Welcome to Everything Croton, a collection of all things Croton--our history, our homes, our issues, our businesses, our schools, our houses of worship--in short, EVERYTHING CROTON.

To the Editor:

Jessica Dieckman has been the topic of controversy lately. It got bad enough that on one social media platform, one Croton resident called for other people to tell Ms. Dieckman to [expletive] herself. After letters by Sherry Horowitz and Robert Radick were published in The Gazette (week of July 31/Aug 6), those letters became the topic of flyers posted on telephone polls by an anonymous person writing for some reason in the style of a nineteenth century British woman. The flyers in turn were the topic of a Croton Chronicle post, which led to the EverythingCroton blog putting up an index to recent letters by Ms. Dieckman.

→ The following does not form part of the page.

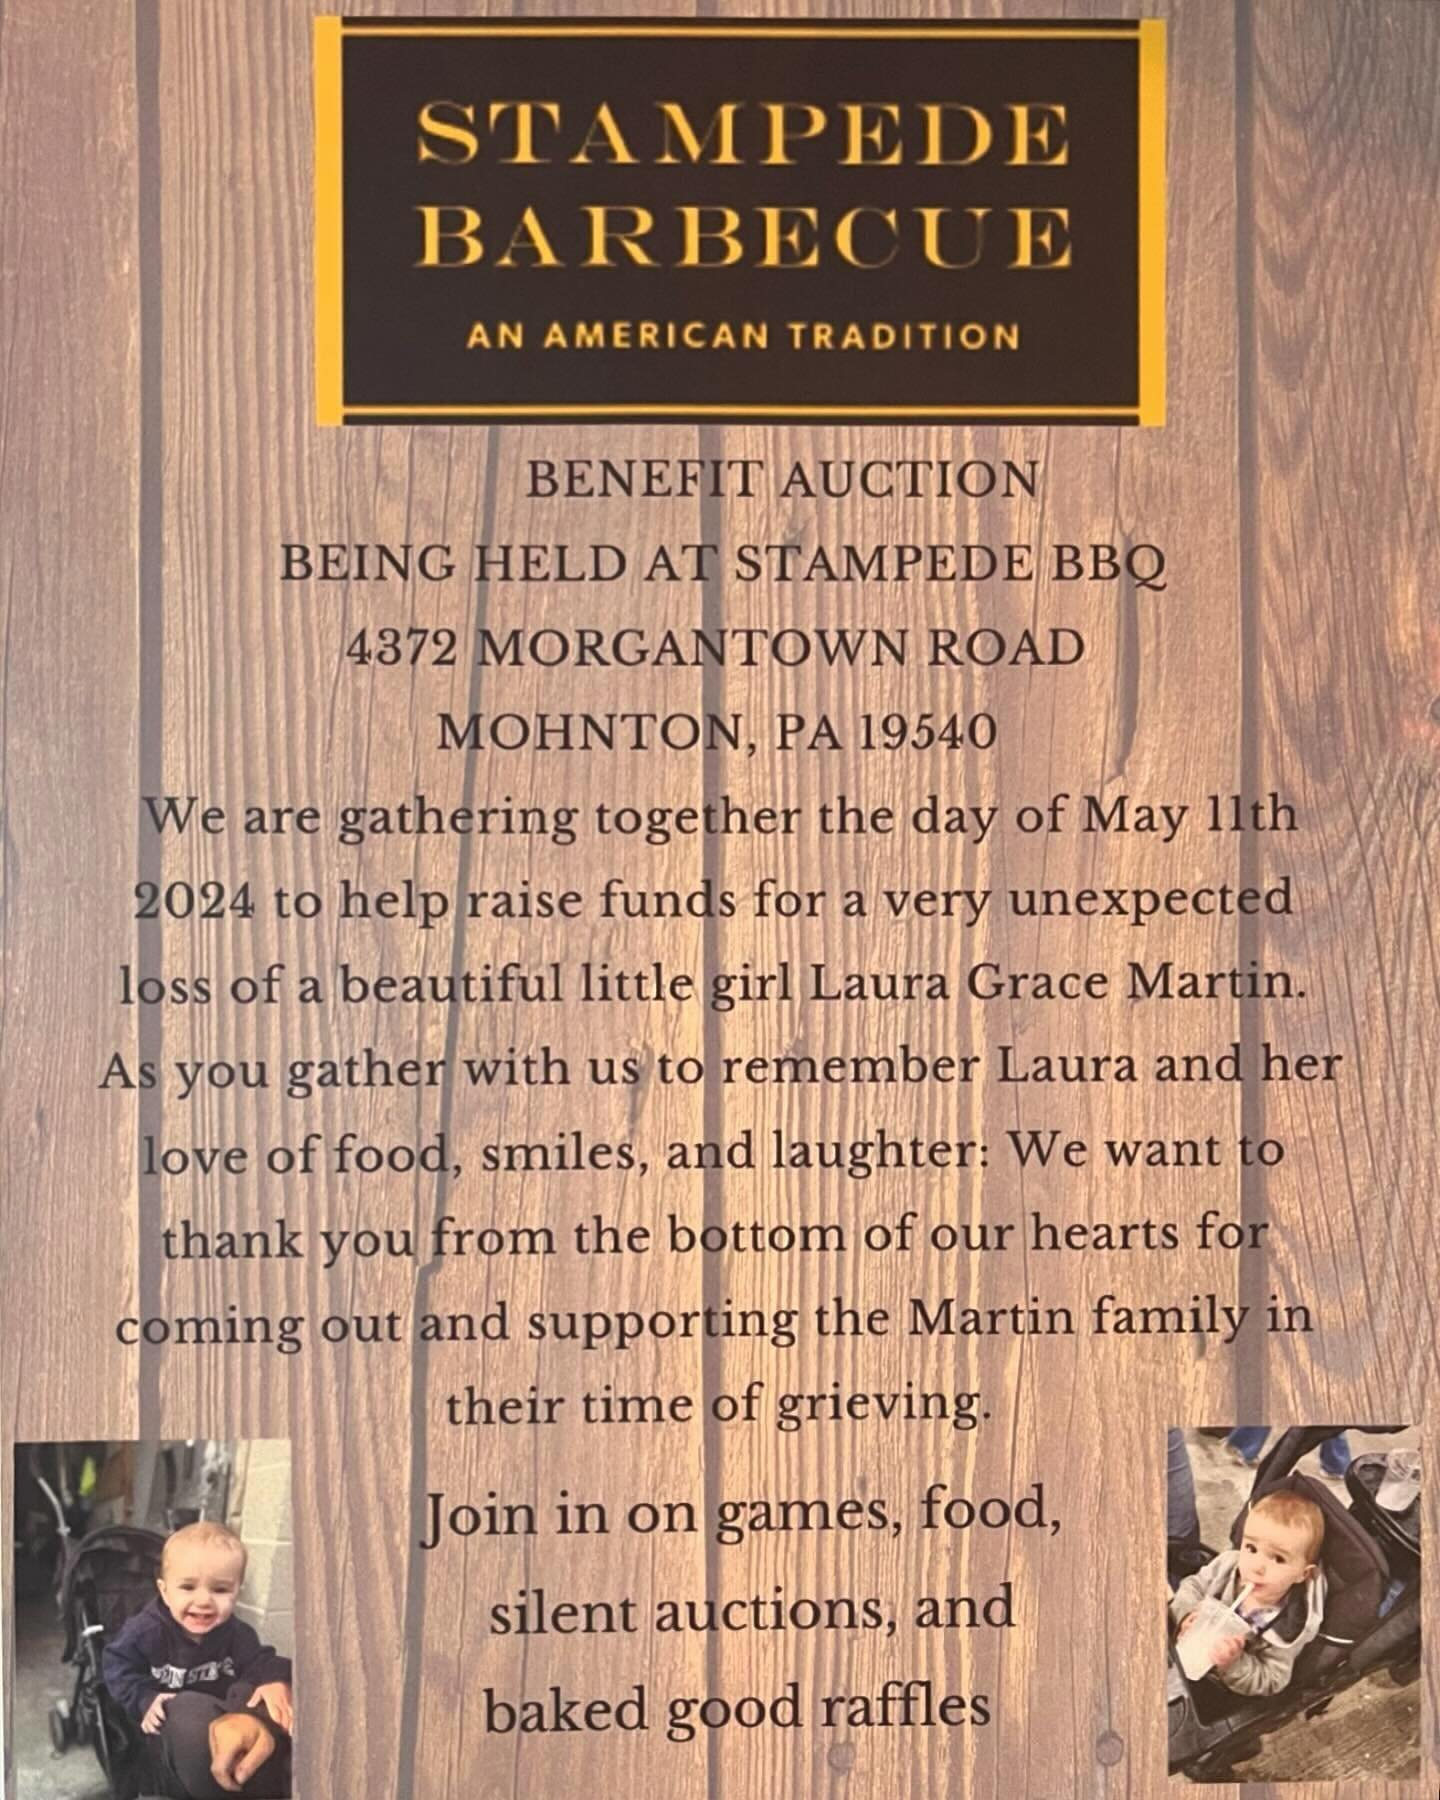 We want to send out a quick reminder of a upcoming fundraiser we are holding! On May 11th, all day at our Mohnton restaurant we will be raising funds for a close family that tragically lost their little girl recently. Many amazing donations have been

I normally skip over the national issue letters in The Gazette. But after Robert Radick’s denunciation of Ms. Dieckman’s “uninhibited and ongoing letter-writing spree” I had to find out what all the uproar is about. So I went back and read a few of the letters.

There isn’t anything objectionable about the style of Ms. Dieckman’s letters: No profanity, implicit threats, ad hominem attacks, doxing. Her point of view is right of center, which many in Croton might disagree with. But it is one thing to disagree with Ms. Dieckman, as Ms. Horowitz does in her letter. It is a different matter to call for The Gazette to silence Ms. Dieckman, as Mr. Radick does in his letter.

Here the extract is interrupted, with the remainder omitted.